## Data section

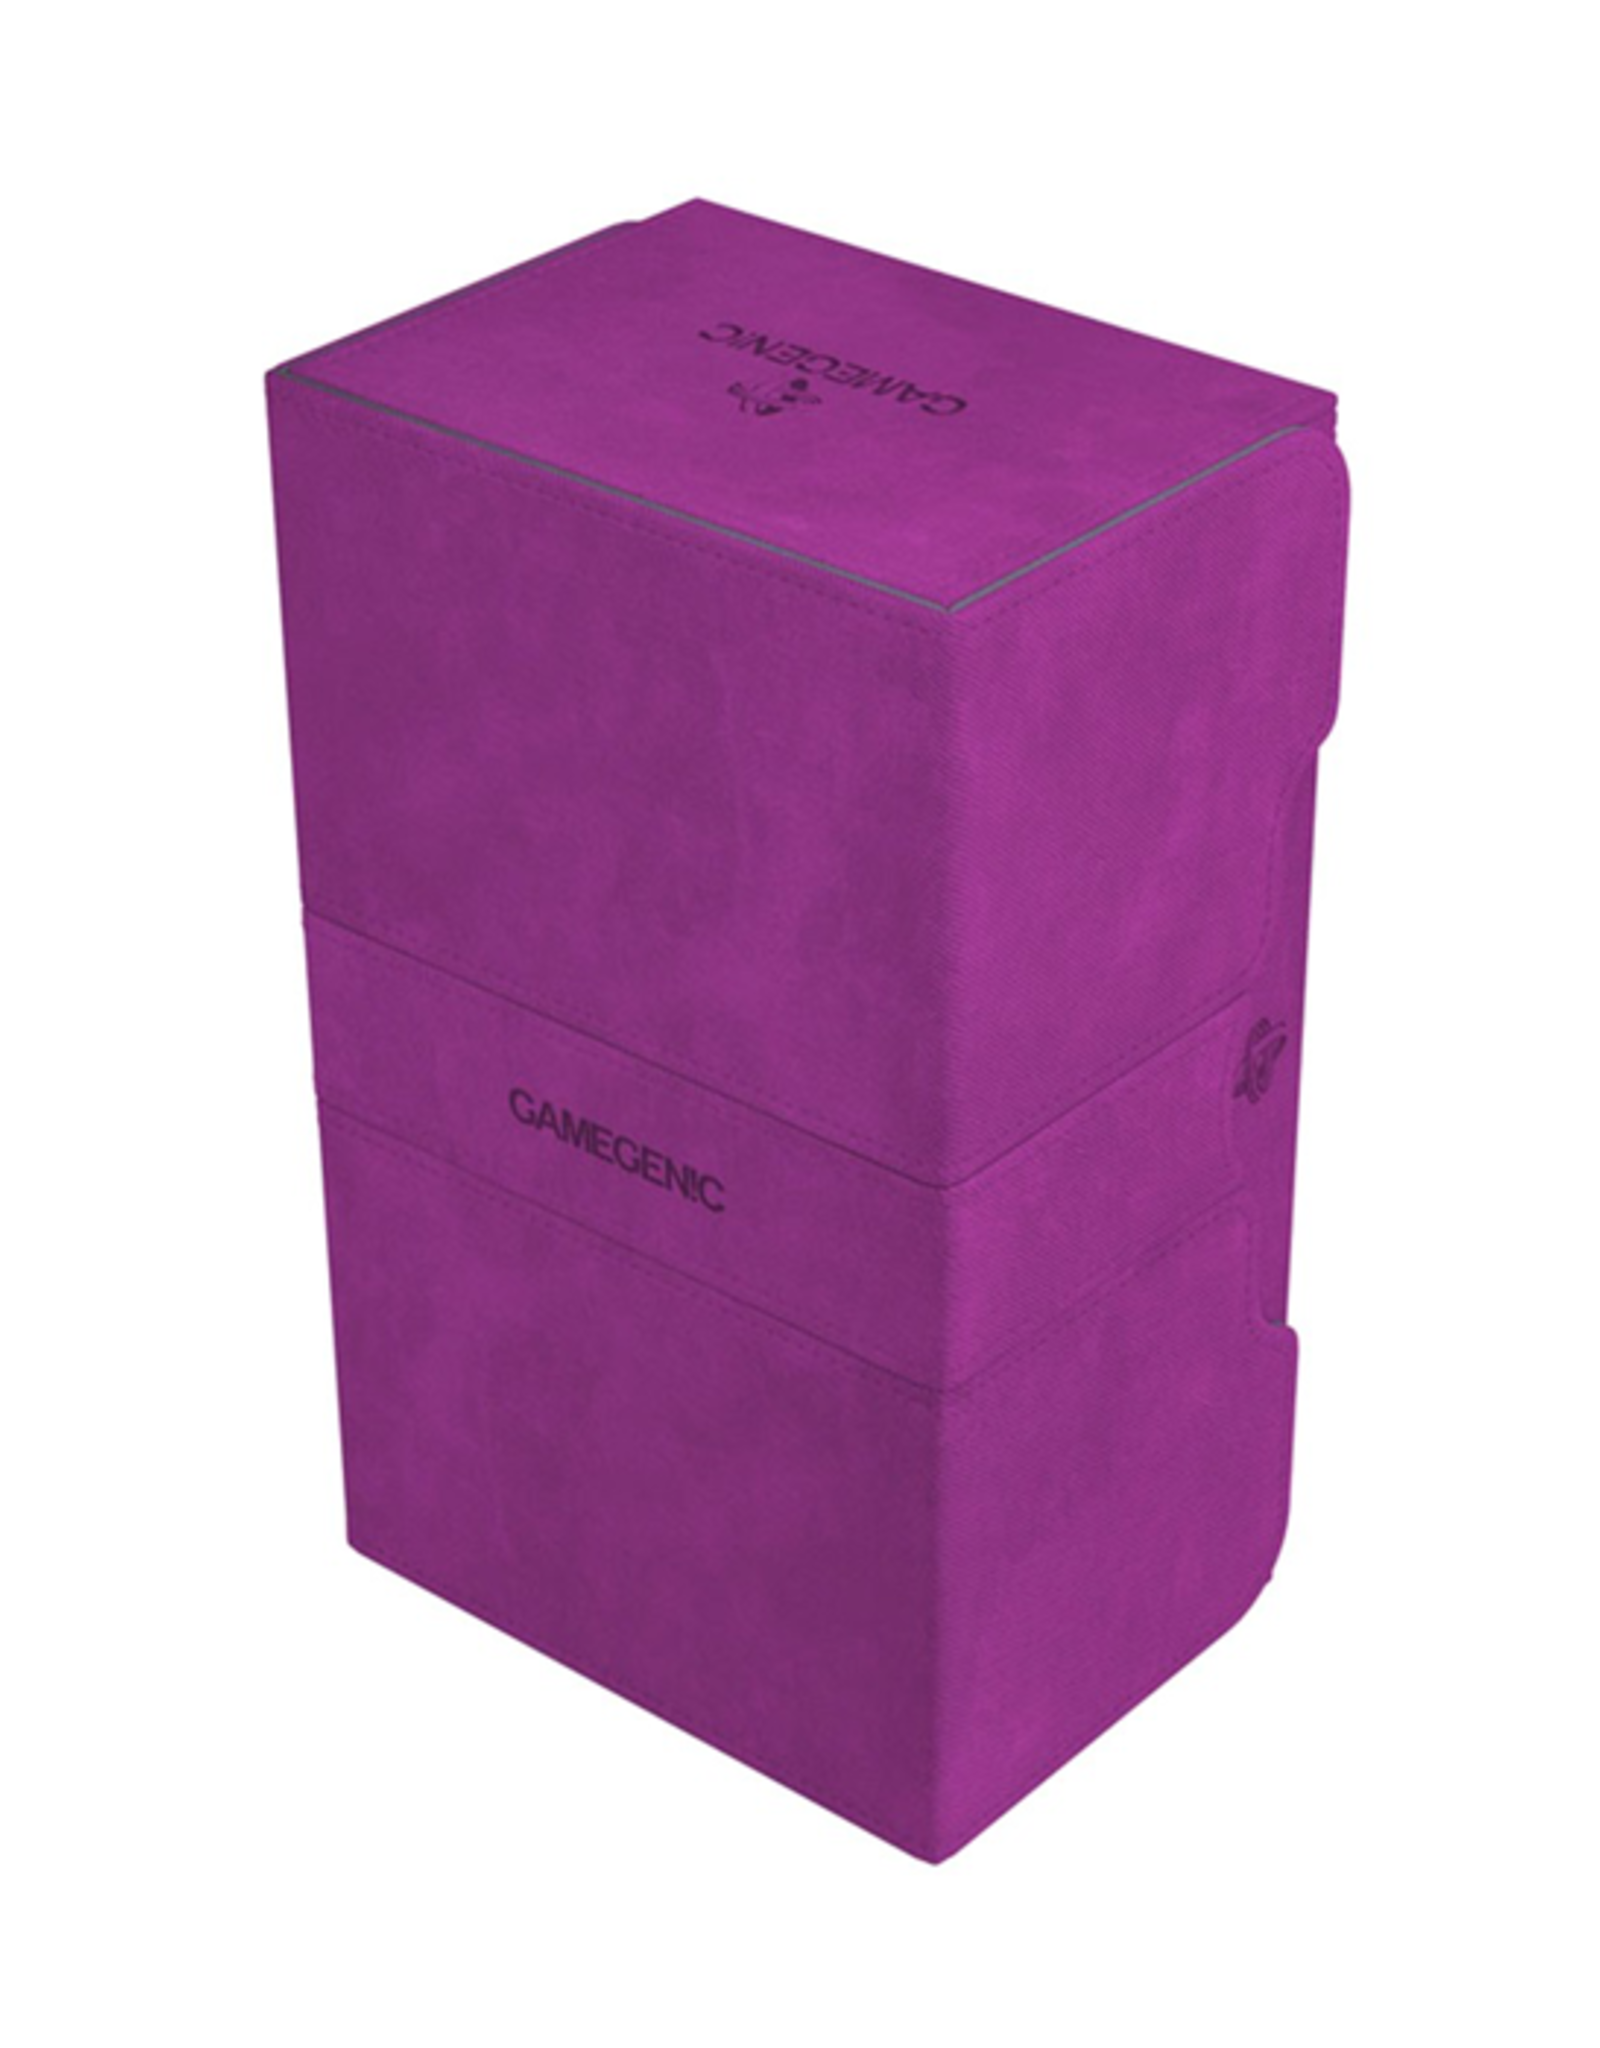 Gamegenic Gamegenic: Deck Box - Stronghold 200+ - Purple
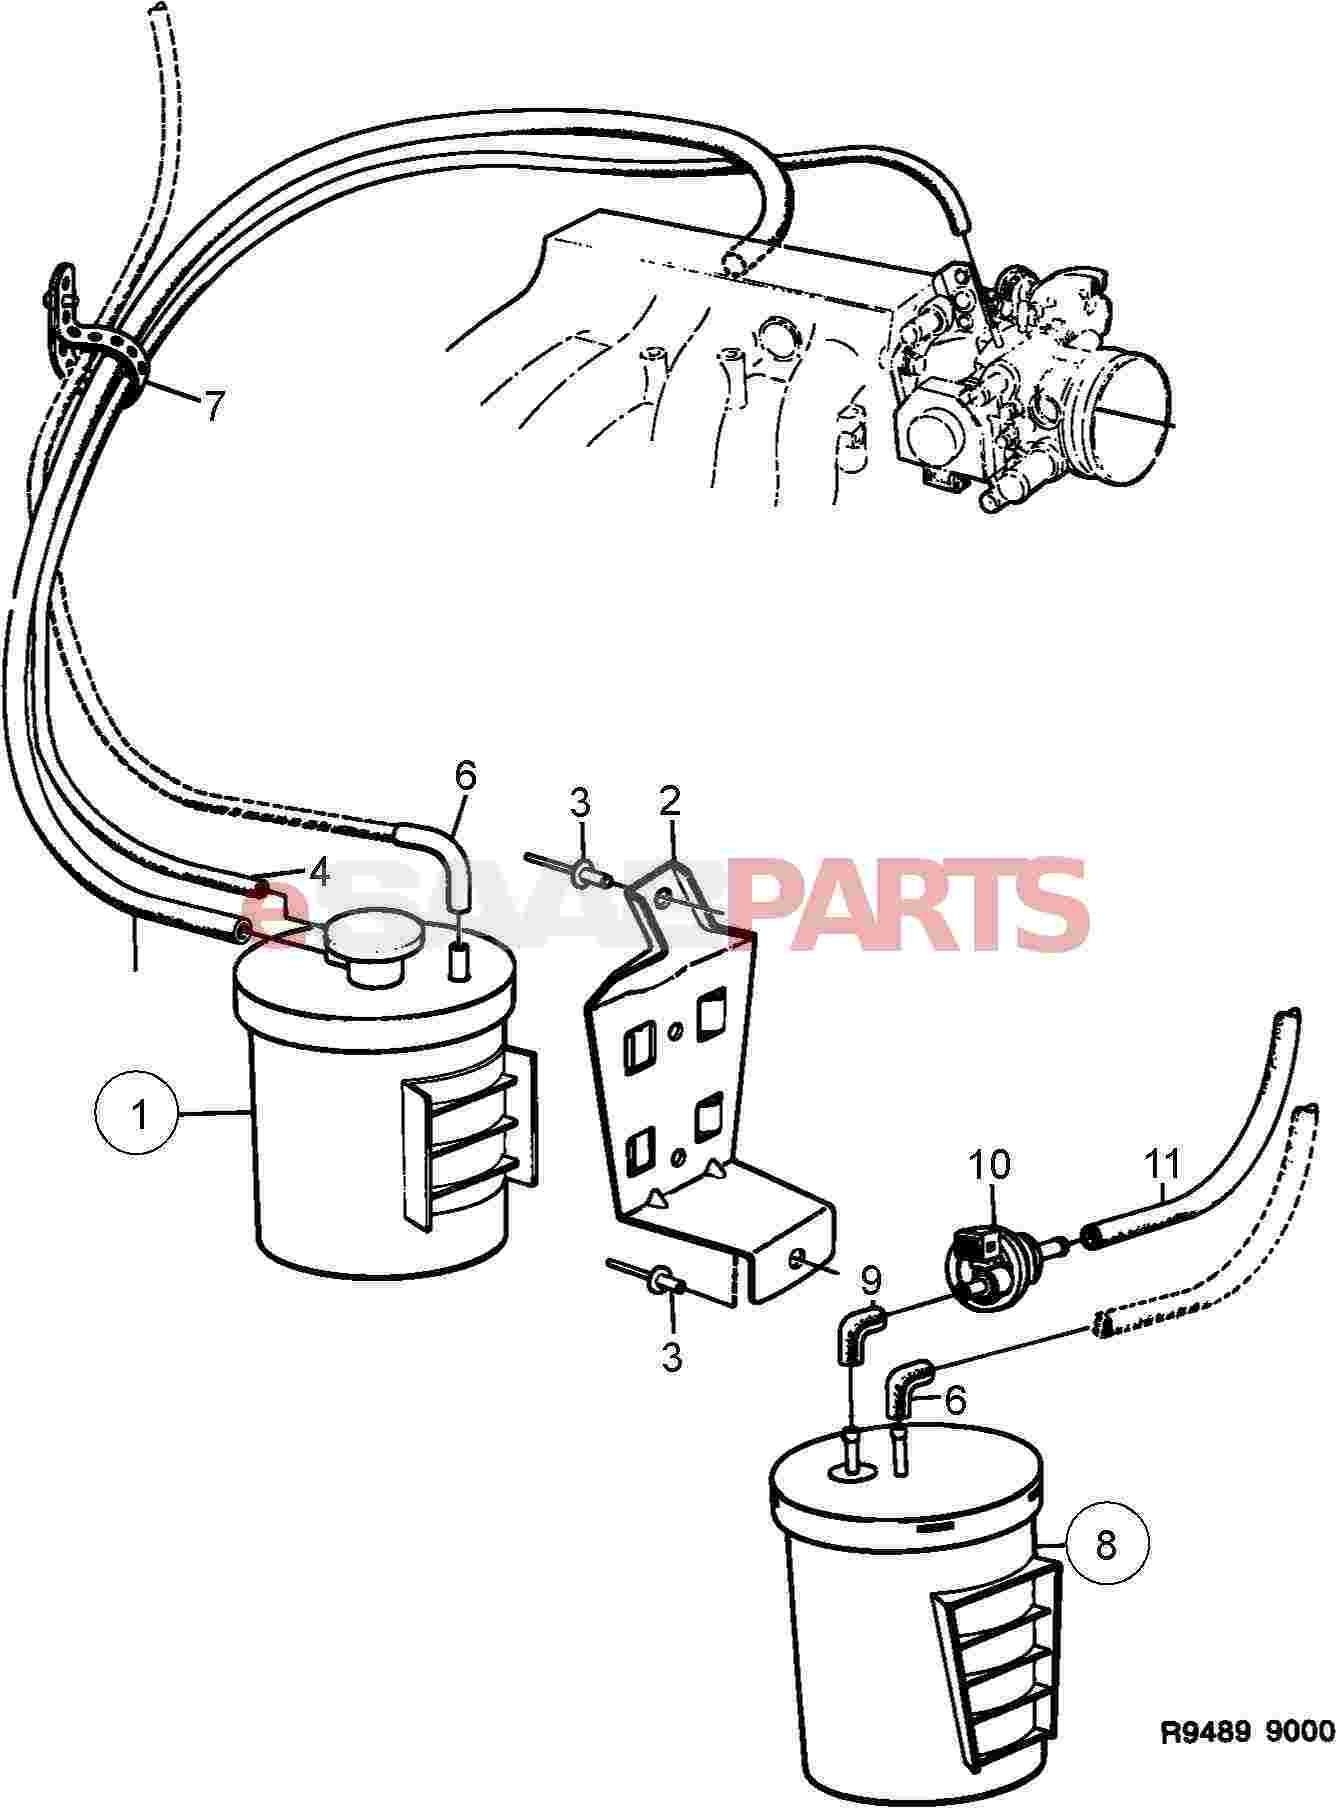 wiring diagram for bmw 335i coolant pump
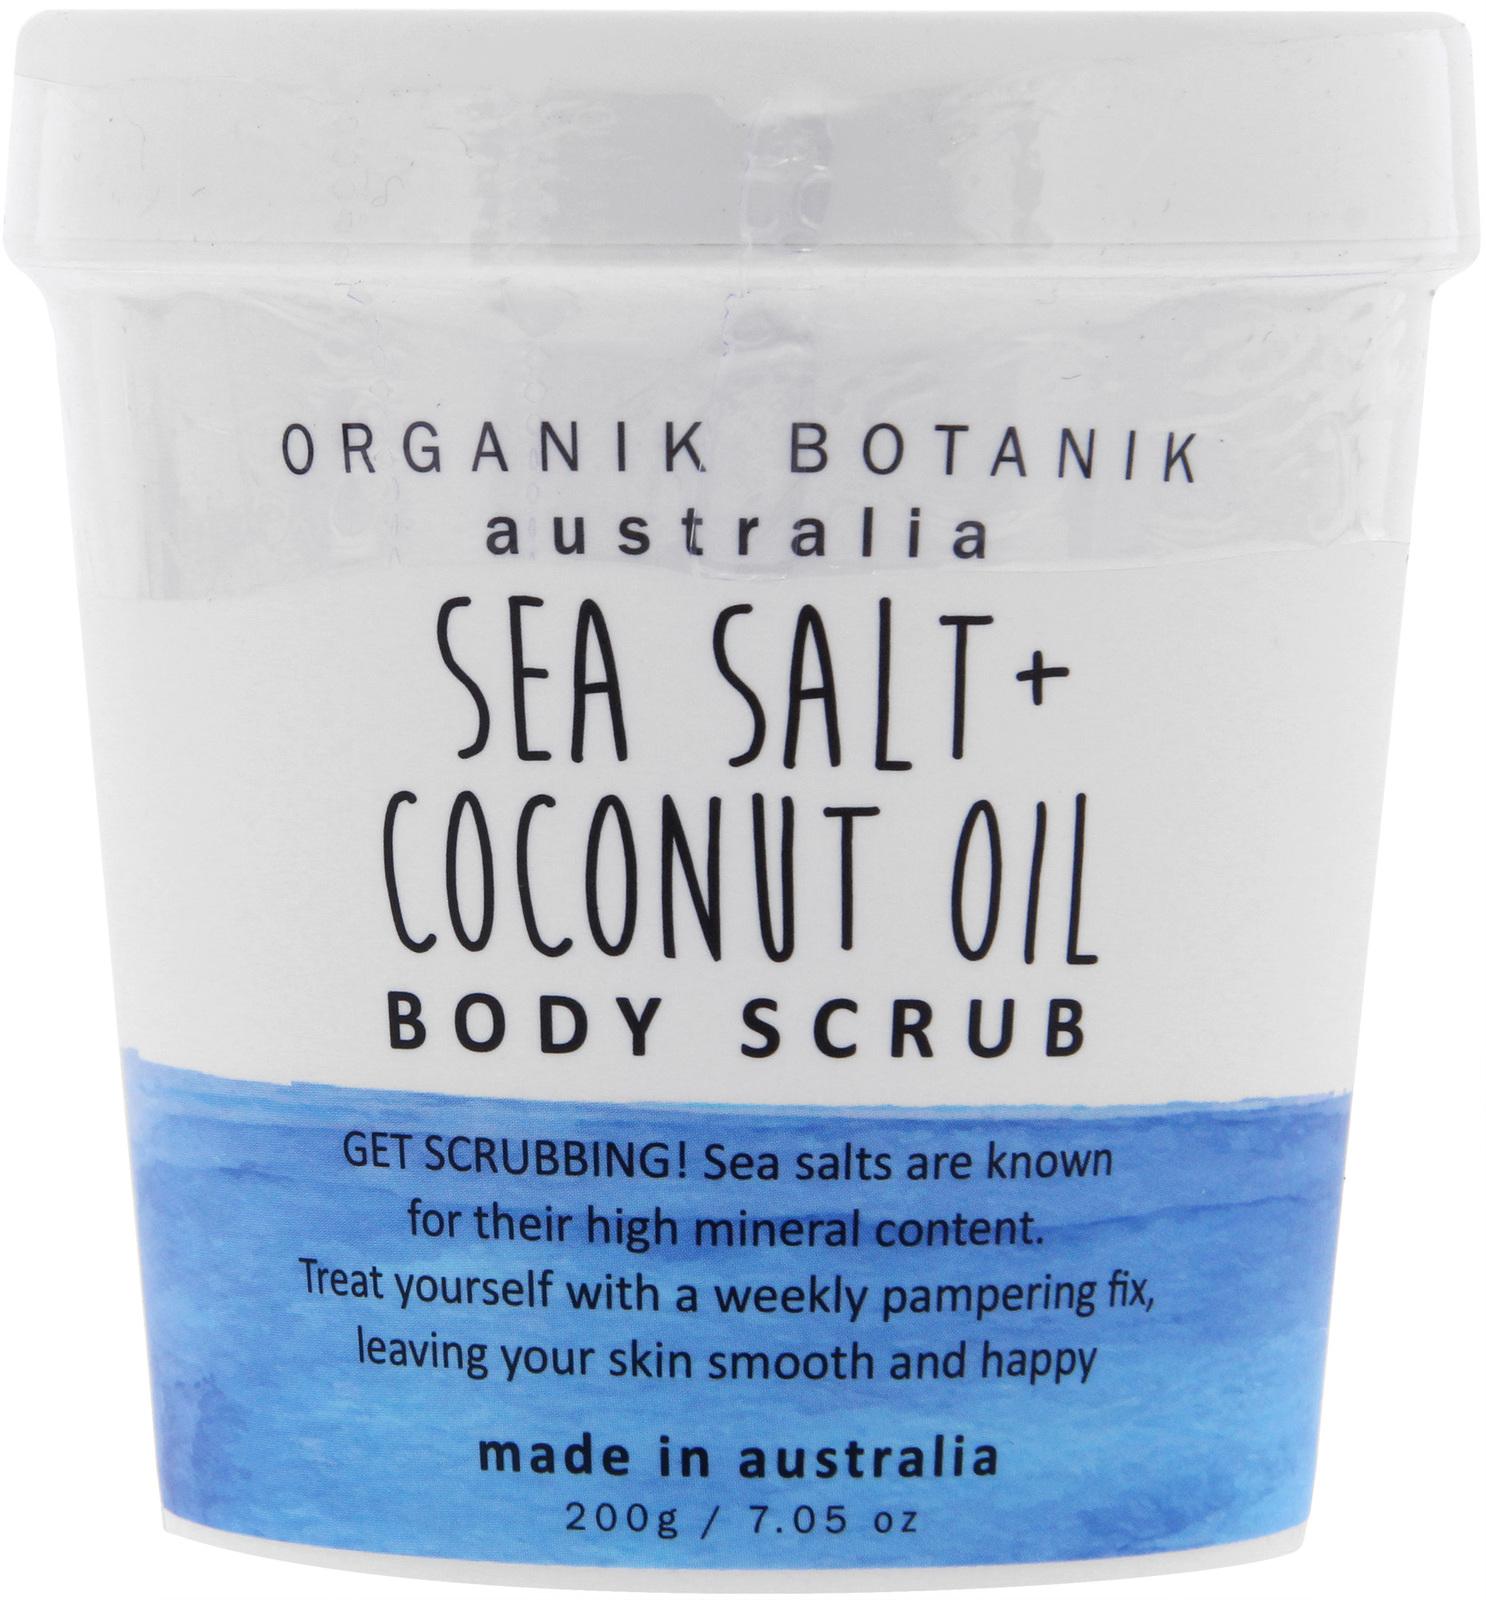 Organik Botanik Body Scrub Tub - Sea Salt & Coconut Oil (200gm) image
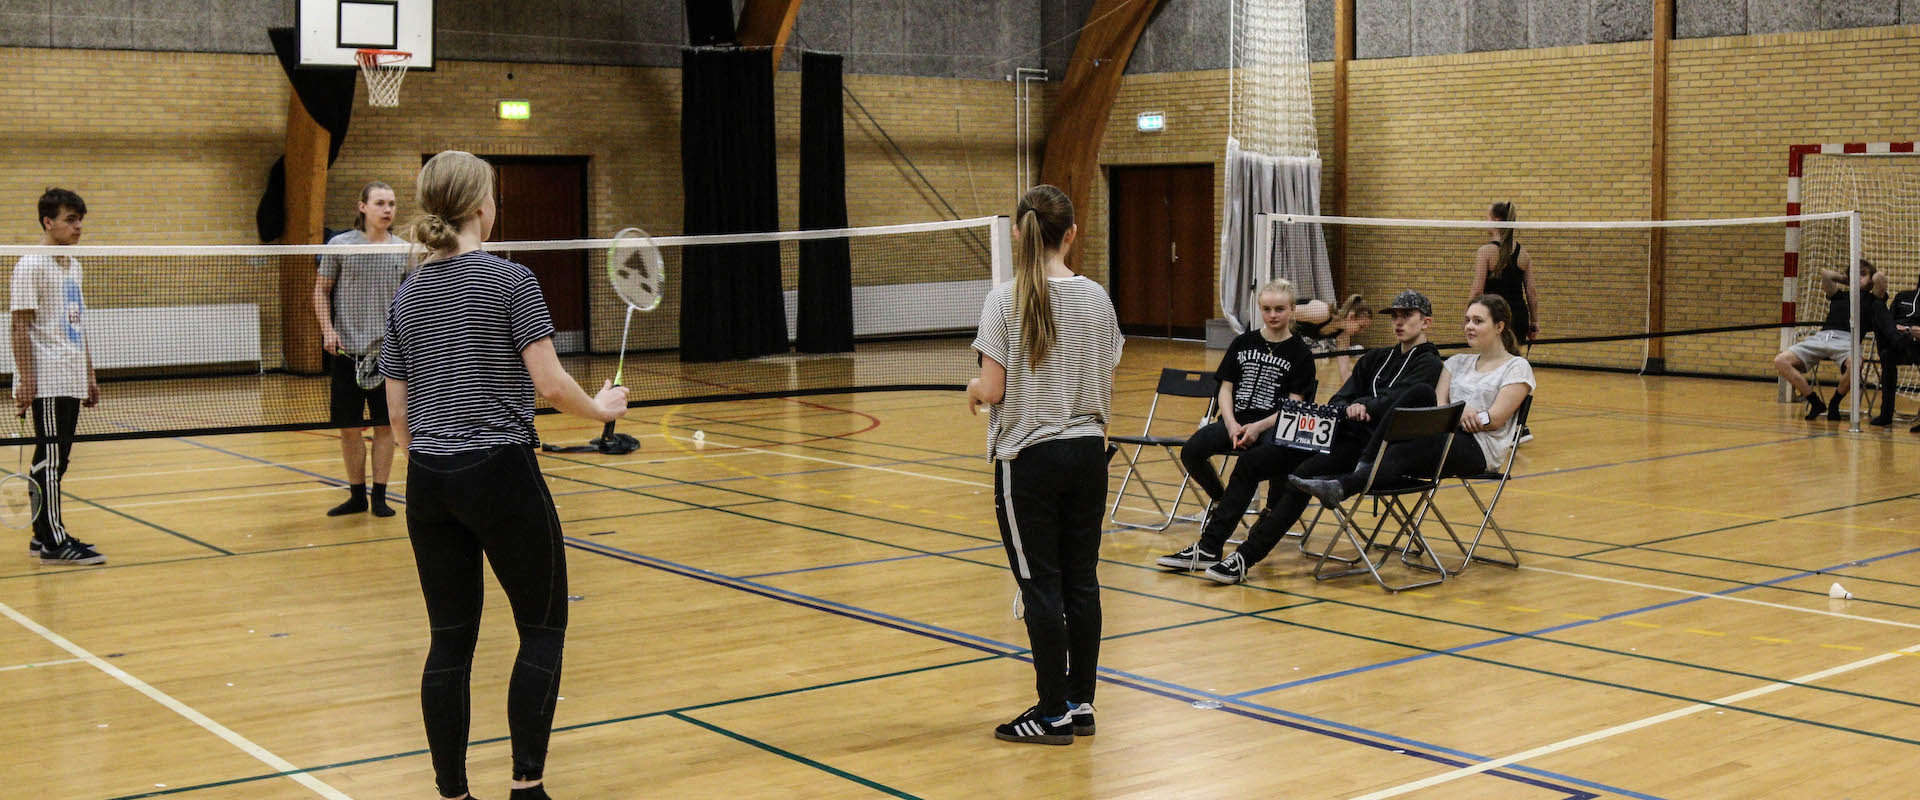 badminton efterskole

## Exercise instructions
Set down again, exactly, the lines from the one with "wiring diagram for bmw 335i coolant pump" to the last line of the data, both included and pictures excluded.

## Exercise answer
 wiring diagram for bmw 335i coolant pump
 Organik Botanik Body Scrub Tub - Sea Salt & Coconut Oil (200gm) image
 badminton efterskole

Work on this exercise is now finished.